2
votes

We store some CMS content in our Azure database, and need to index some HTML content from our database.

What are best practices for indexing this in Azure Search, such that it only indexes content, and not the HTML? Or, such that the index recognizes is as HTML, and will ignore HTML markup?

I know one option would be for me to manipulate it before it gets to the index or on its way, but was hoping there were some built-in capabilities in Azure Search.

3

3 Answers

0
votes

Currently, Azure blob indexer is the only Azure Search indexer that supports parsing HTML in a way that strips HTML markup.

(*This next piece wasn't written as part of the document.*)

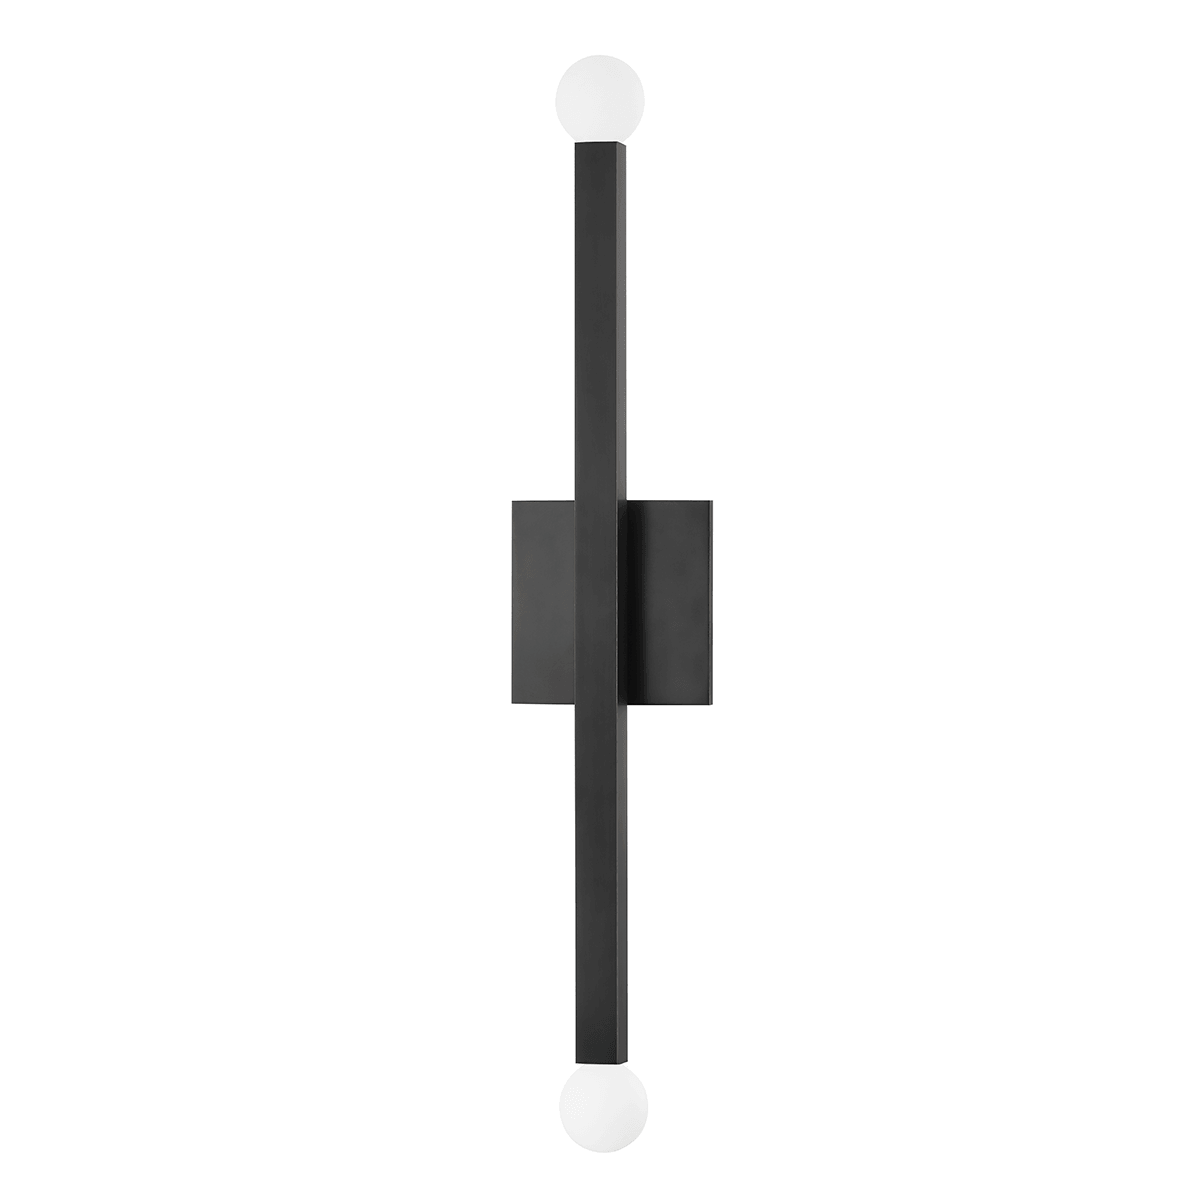 Steel Rectangular Rod 2 Light Wall Sconce - LV LIGHTING

Azure SQL indexer treats HTML text just as a chunk of text.

You have several potential options:

  1. Use SQL indexer and accept HTML markup being indexed - depending on your documents, your search quality may still be good.
  2. Pre-process your data and strip the HTML markup, then put parsed text back into SQL (and use SQL indexer), or you indexing API to push data into a search index.
  3. Store HTML data in blob storage and use the blob indexer to index HTML data, while continuing to use SQL indexer to index the rest of the data. Multiple indexers can write into the same search index, in effect "assembling" documents from multiple data sources.
0
votes

You could try with a Custom Analyzer with a custom Char Filter.

Char Filters can be used to "clean" the input with either a mapping or a pattern replace (Regular Expression).

The pattern replace its internally using the PatternReplaceCharFilter.

Please keep in mind that complex expresions will probably have the consequence of longer indexing times.

0
votes

I'm using such custom analyzer to index HTML. Don't know if it's the best way.

    {
      "name": "bodyHtml",
      "@odata.type": "#Microsoft.Azure.Search.CustomAnalyzer",
      "tokenizer": "standard_v2",
      "tokenFilters": [
        "lowercase", "asciifolding"
      ],
      "charFilters": [
        "html_strip"
      ]
    }